Imagem de cálcio dos neurônios corticais usando Fura-02:00
Summary
Sinais de cálcio desempenham um papel fundamental em muitos processos celulares, incluindo a sobrevivência de expressão gênica e diferenciação. Aqui demonstramos como realizar imagens de cálcio usando Fura-2 AM. Imagem de cálcio é uma ferramenta valiosa para estudar a regulação do cálcio intracelular em tempo real e de sua regulamentação de cascatas de sinalização.
Abstract
Imagem de cálcio é uma técnica comum, que é útil para medir sinais de cálcio em células em cultura. Técnicas de imagem de cálcio tirar proveito de corantes de cálcio indicador, que são baseados em BAPTA moléculas orgânicas que alterar as suas propriedades espectrais, em resposta à ligação de íons Ca2 +. Corantes indicador de cálcio caem em duas categorias, relação de métricas corantes como Fura-2 e Indo-1 e um único comprimento de onda corantes como Fluo-4. Relação de métricas corantes mudar tanto sua excitação ou seus espectros de emissão em resposta ao cálcio, permitindo a concentração de cálcio intracelular para ser determinada a partir da proporção de emissão de fluorescência ou excitação em comprimentos de onda distintos. A principal vantagem do uso de relação de métricas corantes mais sondas único comprimento de onda é que o sinal relação é independente da concentração de corante, a intensidade da iluminação, e comprimento do percurso óptico permitindo que a concentração de cálcio intracelular a ser determinada independentemente de esses artefatos. Um dos indicadores de cálcio mais comum é o Fura-2, que tem um pico de emissão em 505 nm e muda o seu pico de excitação de 340 nm até 380 nm, em resposta ao cálcio vinculativo. Aqui nós descrevemos o uso de Fura-2 para medir a elevação de cálcio intracelular em neurônios e outras células excitáveis.
Protocol
Discussion
Nesta apresentação nós passamos por todas as etapas para a realização de imagens de cálcio usando Fura-2 AM. Usamos neurônios corticais como um modelo, mas imagens de cálcio pode ser usado para medir a concentração de cálcio intracelular em tempo real em uma variedade de células. Ao fazer este procedimento é importante o uso de lamínulas de vidro em vez de plástico, uma vez que o plástico é muitas vezes fluorescentes em comprimentos de onda ultravioleta, o que torna difícil de imagem. Além disso, é importante para o reve…
Materials
| Material Name | Type | Company | Catalogue Number | Comment |
|---|---|---|---|---|
| New Item | Fura-2 AM | Invitrogen | F1221 | Protect from light |
| New Item | DMSO | EM Science | MX1457-6 | Keep in dry place to prevent hydration |
| New Item | Albumin from bovine serum | Sigma | A8022-100G | Store at 4° |
| New Item | Imaging Chamber | Warner Instruments | Model RC-20H | |
| New Item | Microscope | Nikon | Eclipse TE2000-U | |
| New Item | Potassium chloride | SIGMA | P9333-500G | |
| New Item | Calibration Kit | Molecular Probes | F6774 | Protect from light |
References
- Grynkiewicz, . A new generation of Ca2+ indicators with greatly improved fluorescence properties. J. Biol. Chem. 260, 3440-3450 (1985).

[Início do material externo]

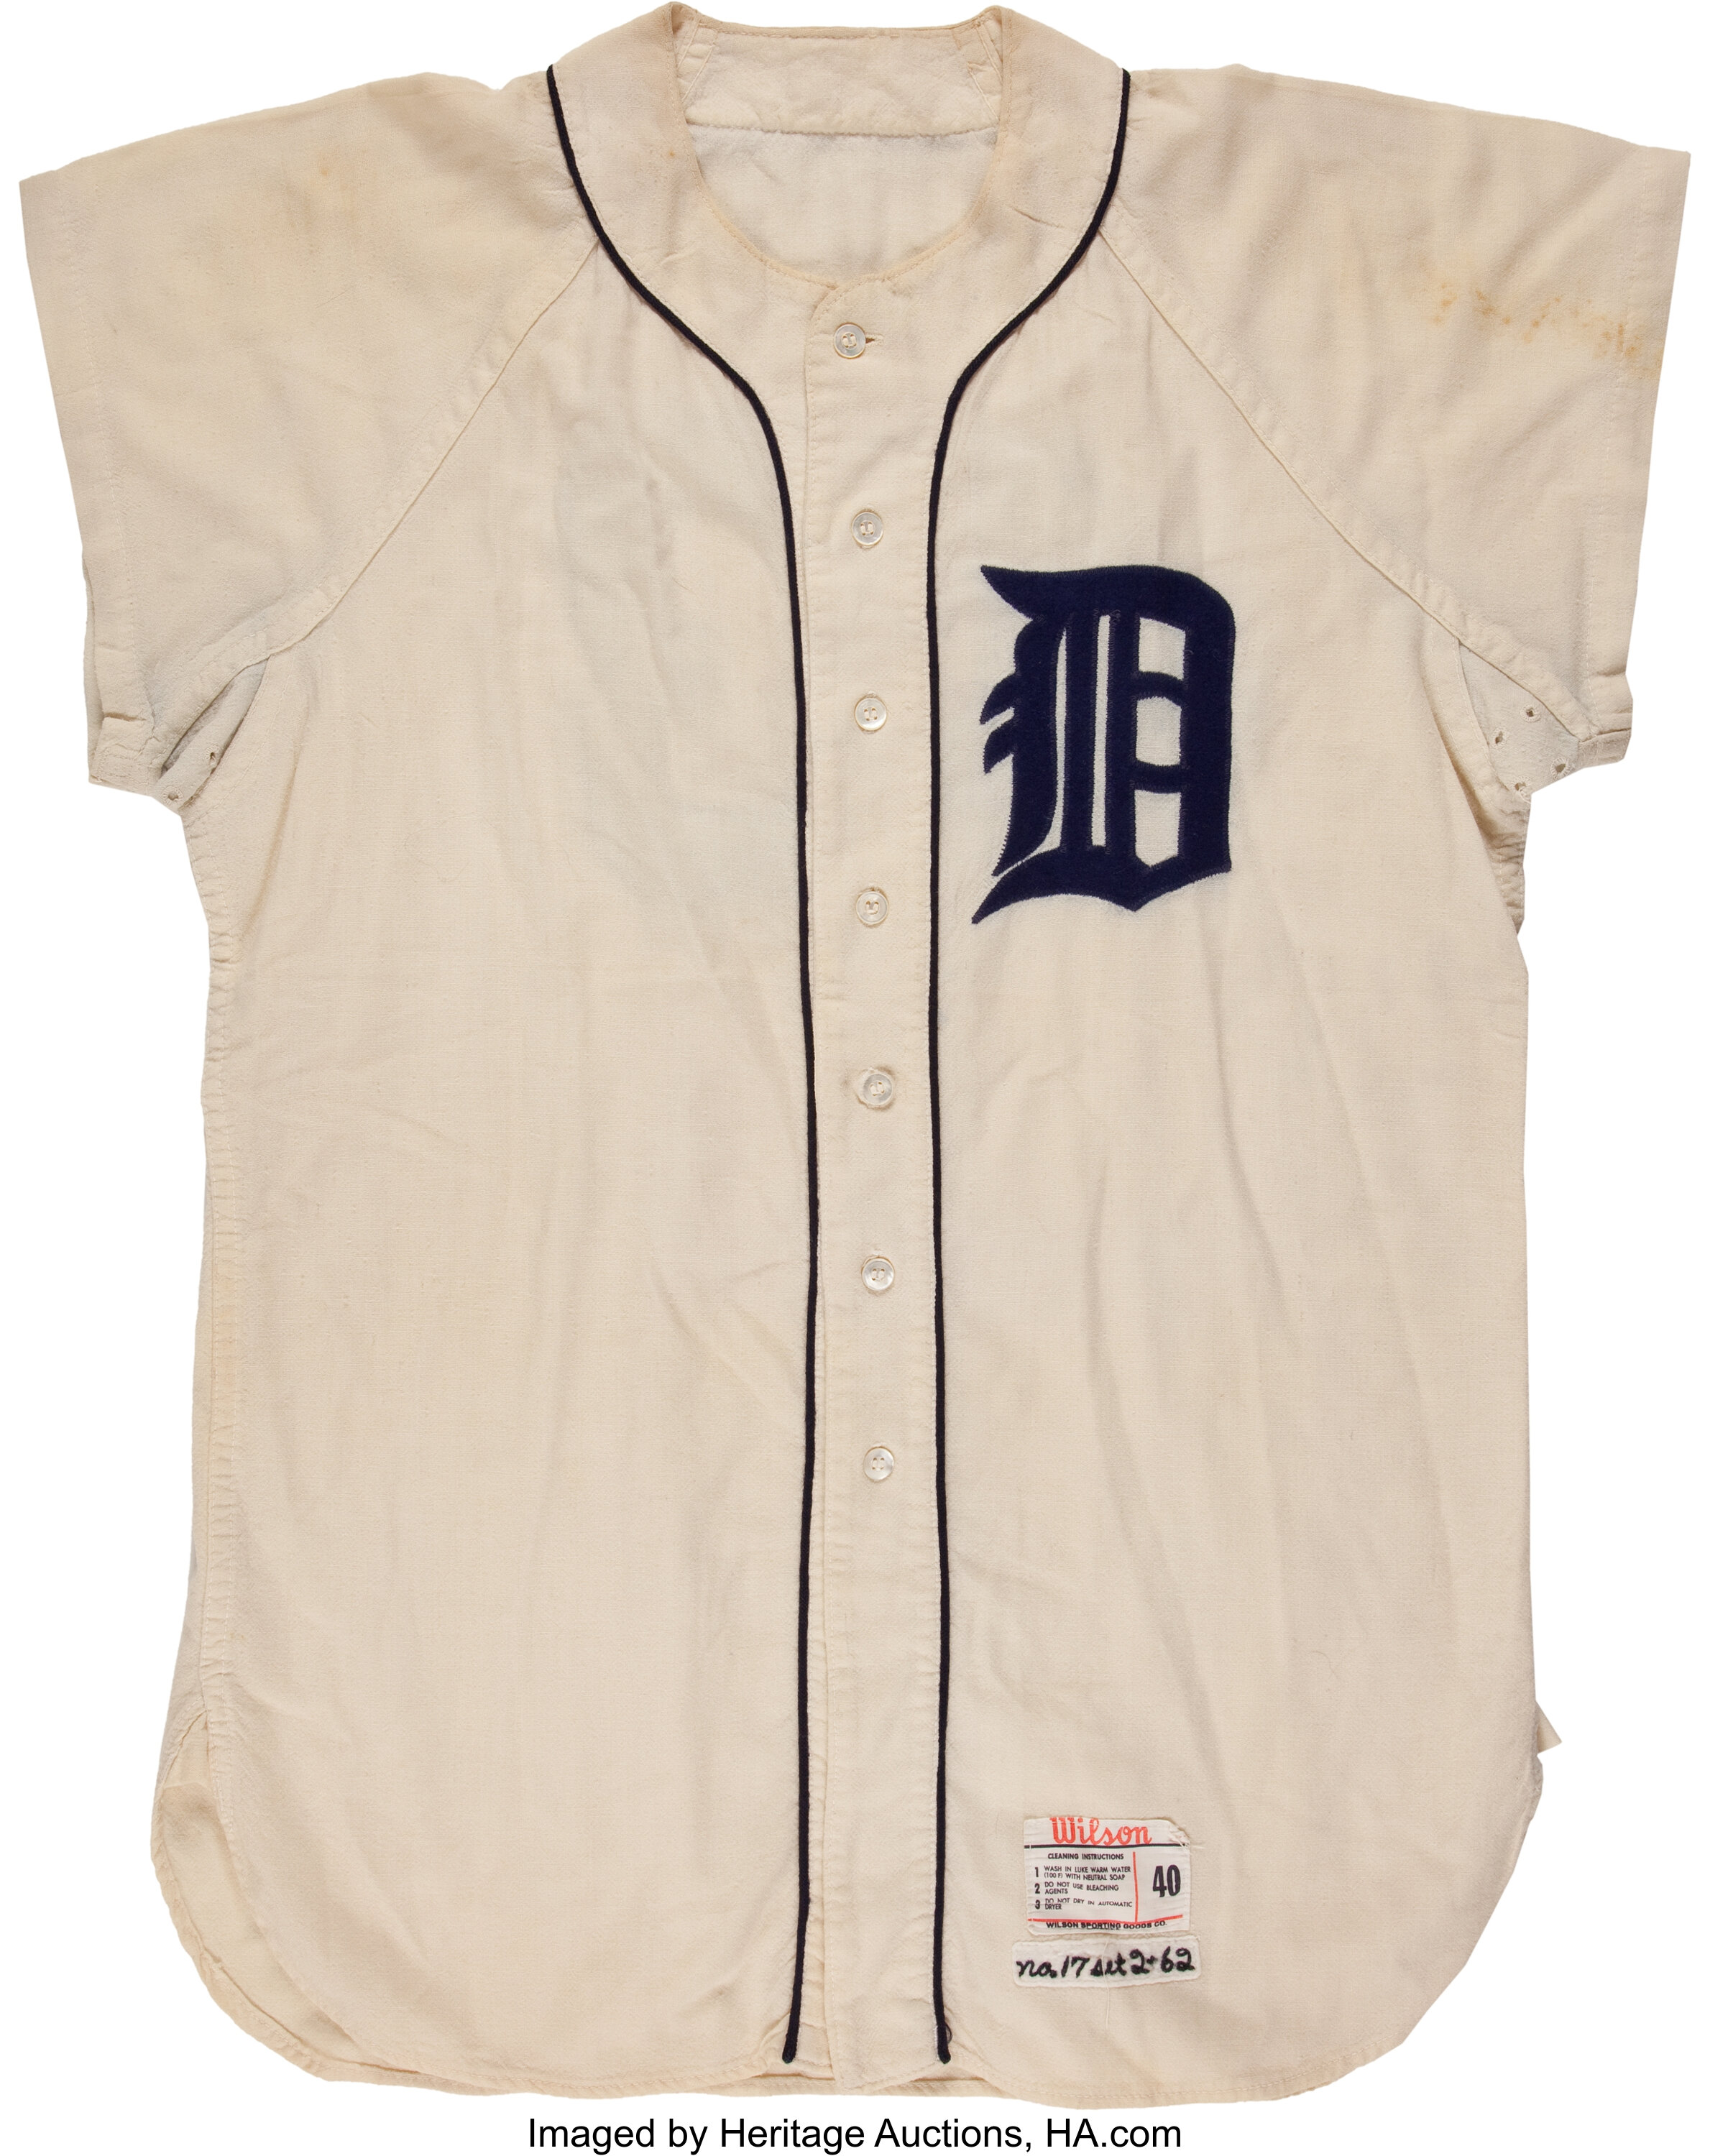 Bidding open on Tigers game-worn jersey auction

- Lewis, . Mitogen-induced oscillations of cytosolic Ca2+ and transmembrane Ca2+ current in human leukemic T cells. Cell Regul. 1, 99-112 (1989).
- Dolmetsch, . Signaling between intracellular Ca2+ stores and depletion-activated Ca2+ channels generates [Ca2+]i oscillations in T lymphocytes. J Gen Physiol. 103, 365-388 (1994).